# how do i keep my plants green?



## cossie (Dec 19, 2010)

previously i had amazon swords and java fern and the all slowly browned off and died except for the java fern as new ones constantly kept coming through.
Now i have completely redone my tank with 5 bunches of amaozon swords at the back of my tank, then bogwood infront and some what i think is dwarf hair grass. How do i keep them green and healthy? I always have algae problem on the tank glass which i think is because its in direct light of the window so the sun gets to it, i am now trying to keep my blinds closed at all times, will this help?


----------



## lmb (Nov 1, 2011)

Do you use root tabs? If not, that may be your problem. Swords are generally heavy root feeders and need root tabs to help survive. Your swords and other plants must have sucked the nutrients dry out of the substrate and started to slowly die off.

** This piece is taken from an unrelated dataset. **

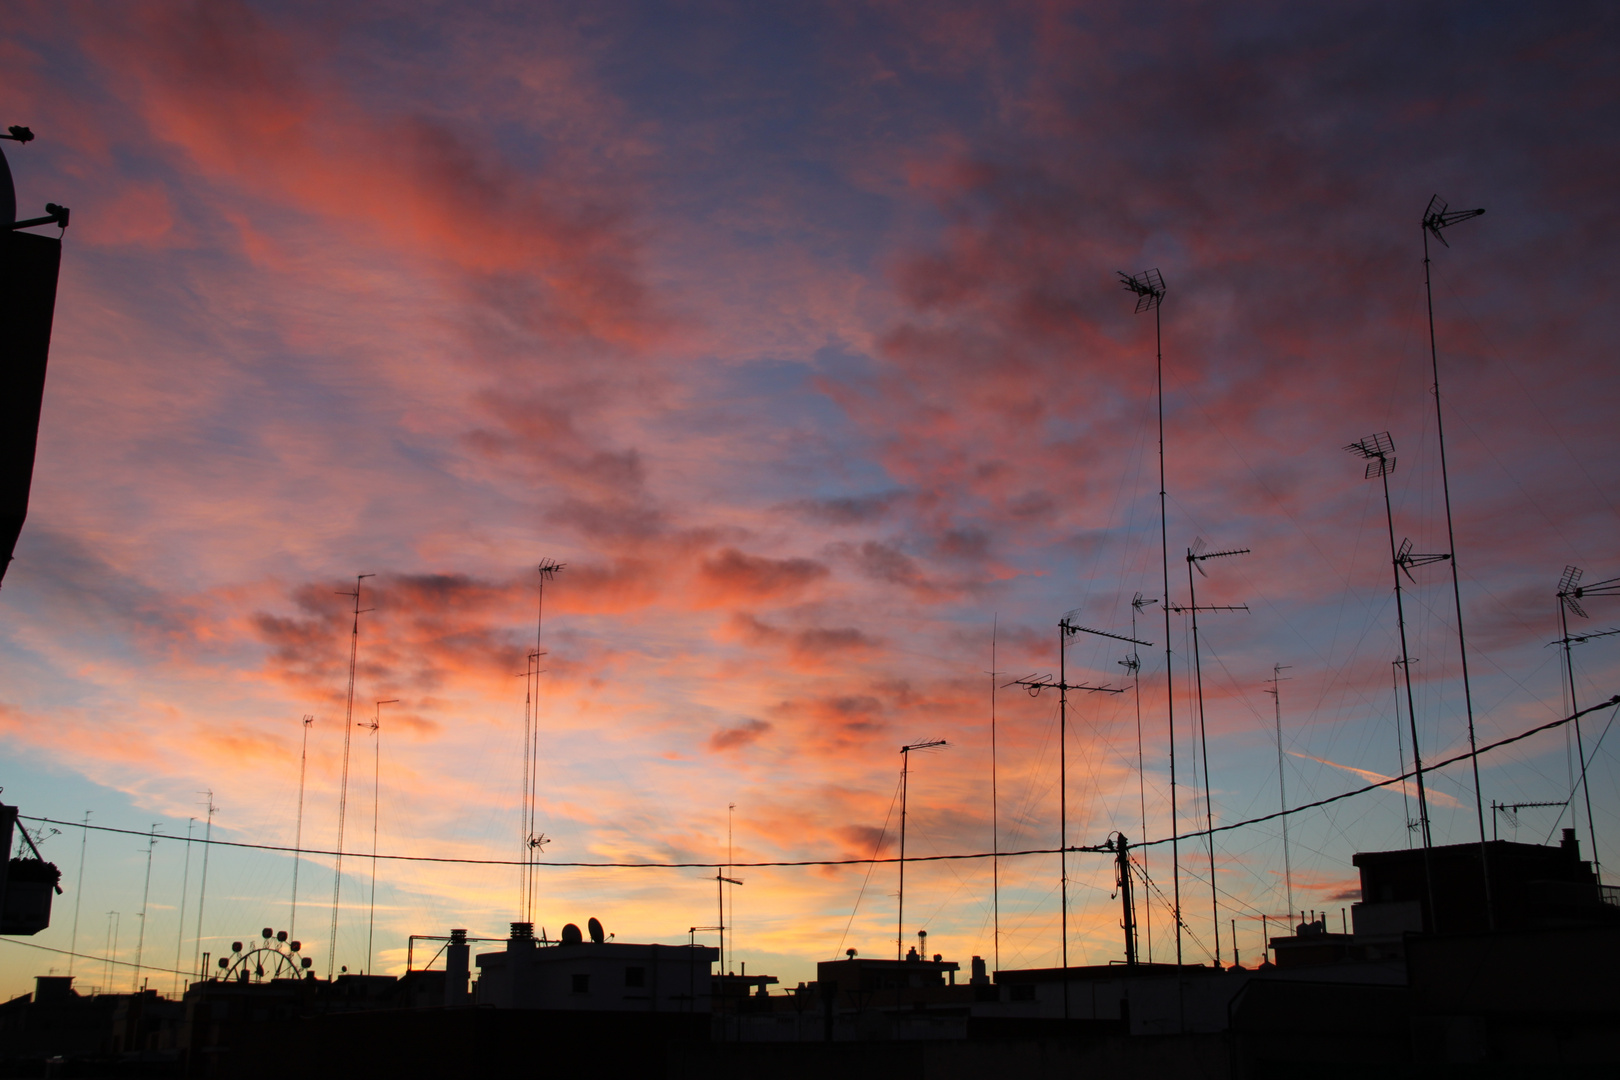 Amanecer redondo. Puerto de Valencia, 6 de Diciembre 2012 8:20 AM
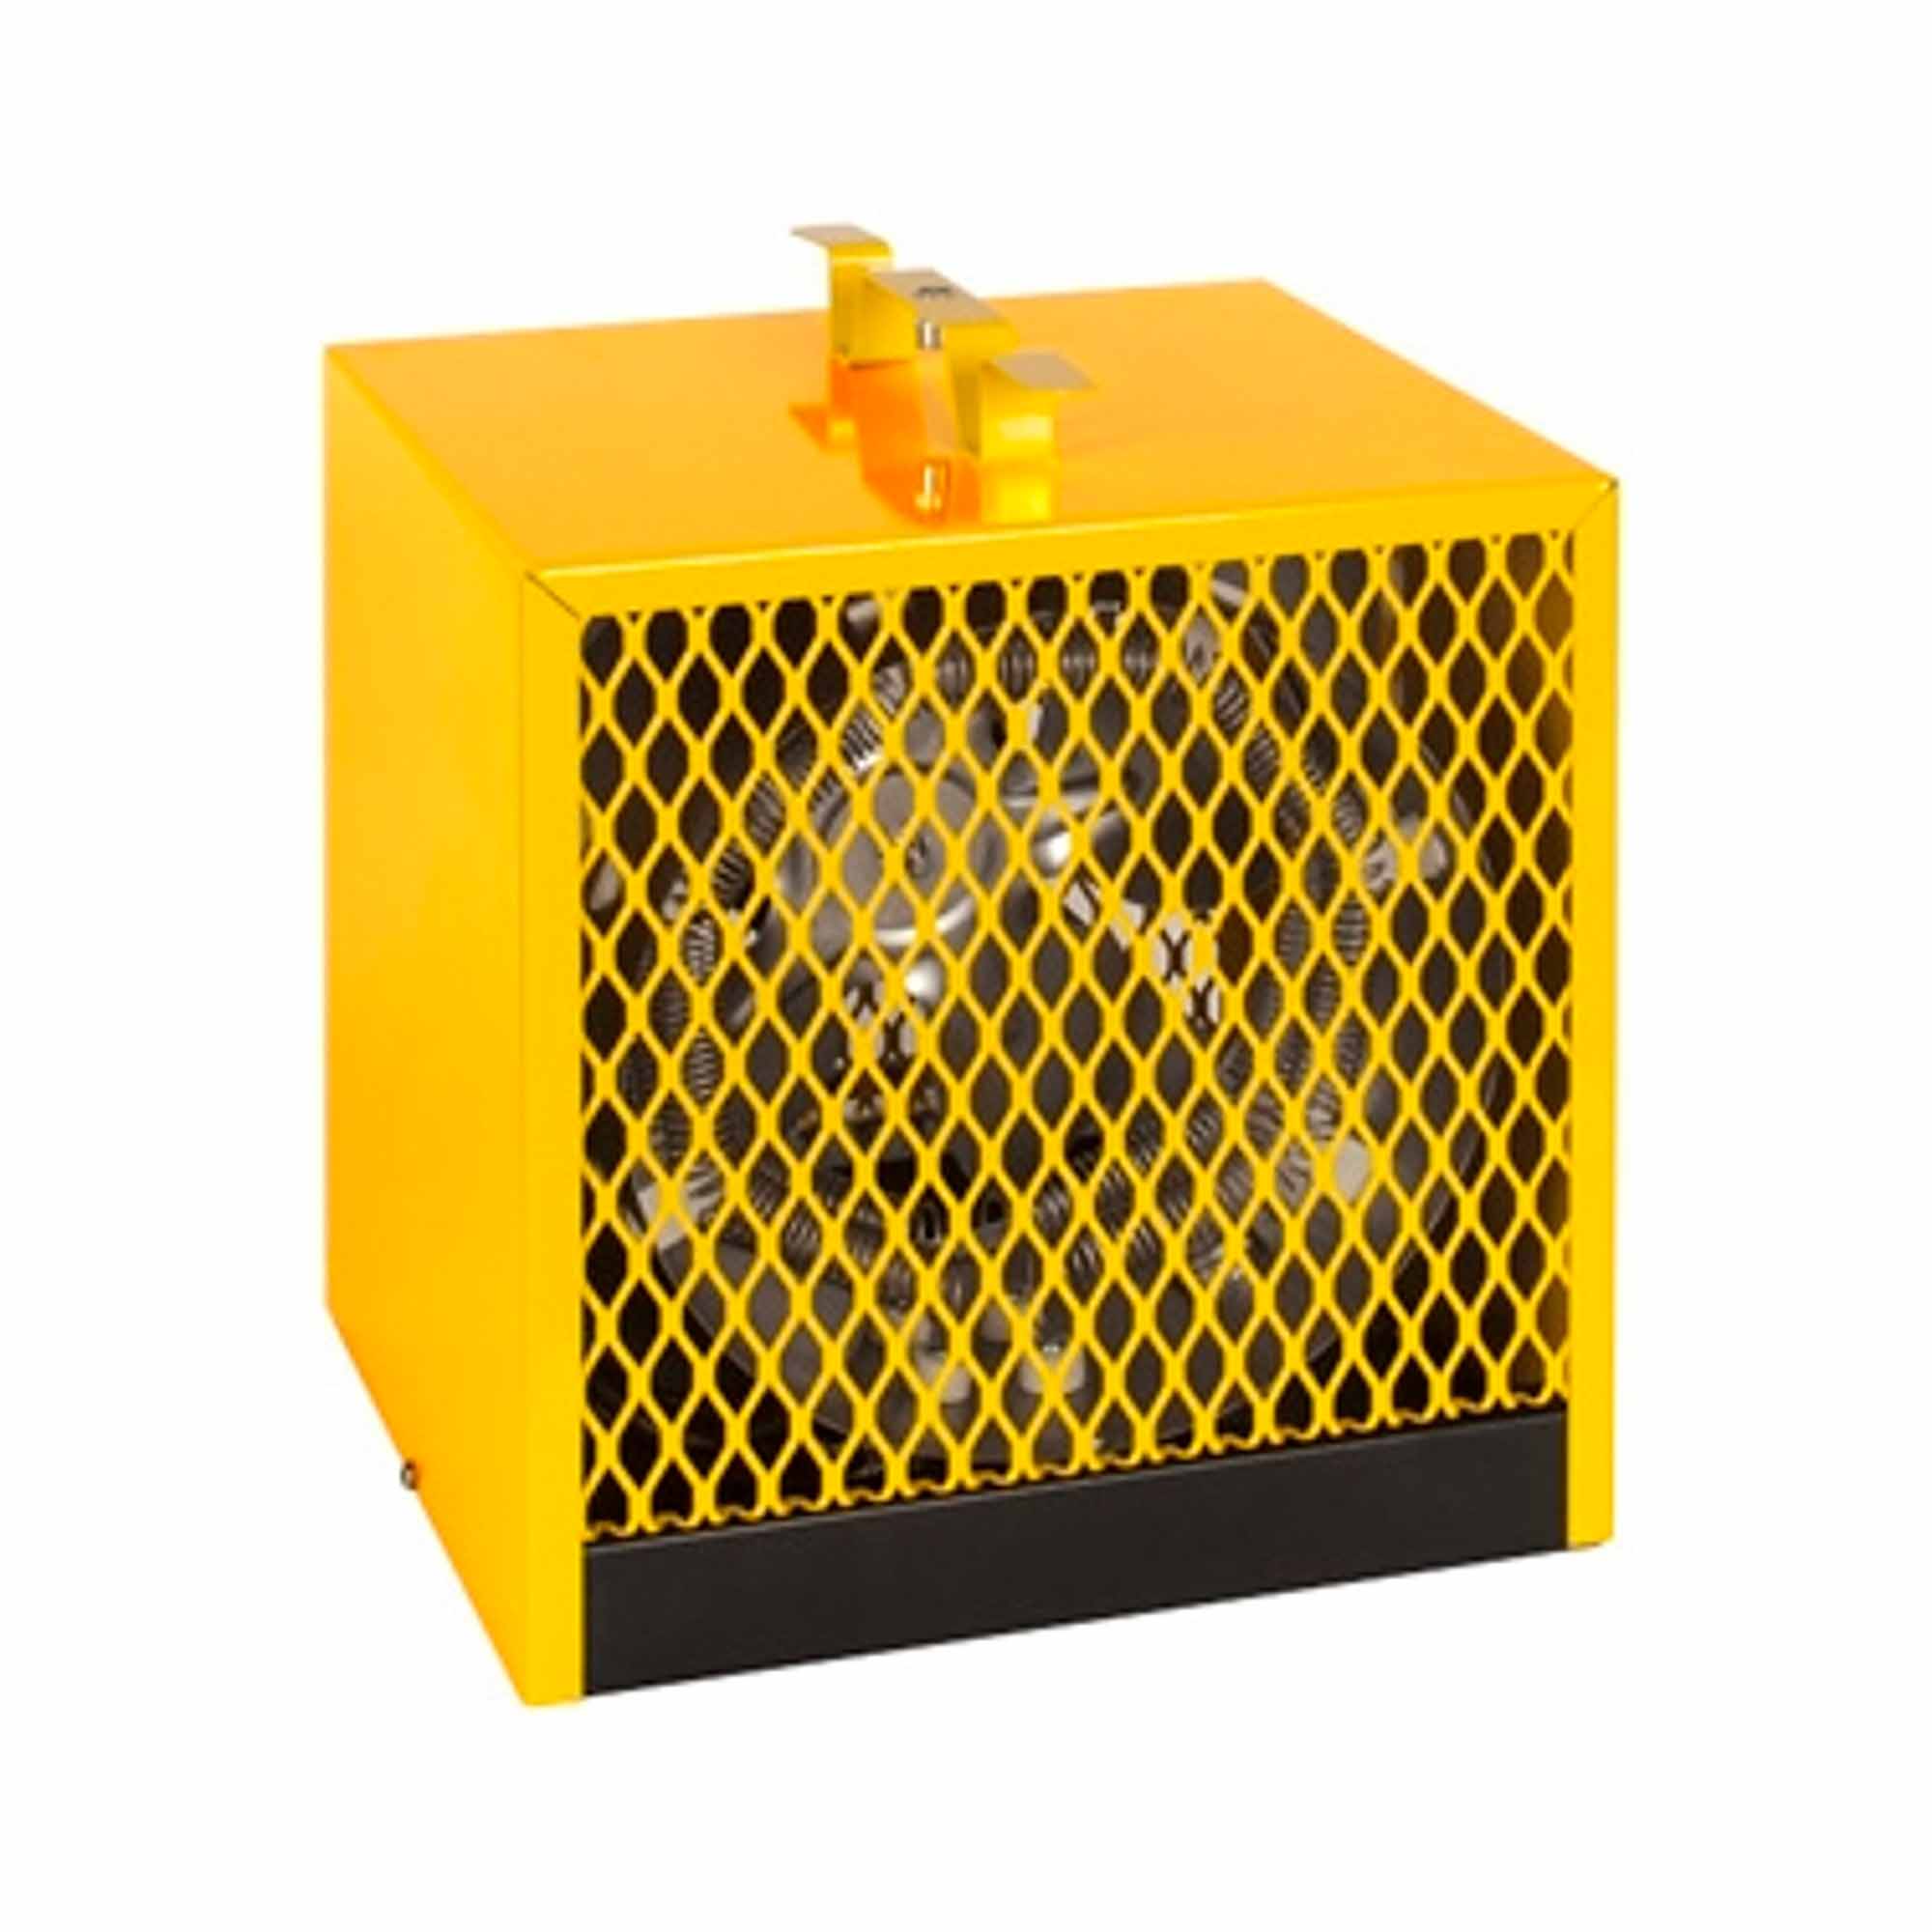 Stelpro Sch 20/17.3 A Portable Heater, 240/208 V, 4800W, 12,285 Btu/Hr, Yellow

And it's not the direct sunlight that caused this either. 

How much lighting do you have and do you dose anything?


----------



## cossie (Dec 19, 2010)

i do not dose anything and i just have the standard bulb from an aqua a380

i do not use root tabs, what do they do?


----------



## Obsidian (May 20, 2007)

They deliver ferts straight to the roots of the plant. I've used them but they didn't help me at all. I think I am semi brown thumbed at the plant thing though. I keep trying


----------



## cossie (Dec 19, 2010)

okay, so say i but some root tabs what do i do with them then?


----------



## Only One Haze (Sep 6, 2011)

bury them in the substrate a few inches apart and a couple inches away from the plants.


----------



## cossie (Dec 19, 2010)

Does this keep them green or just helpthem to grow as my plants grow but just end Up having brown ends


----------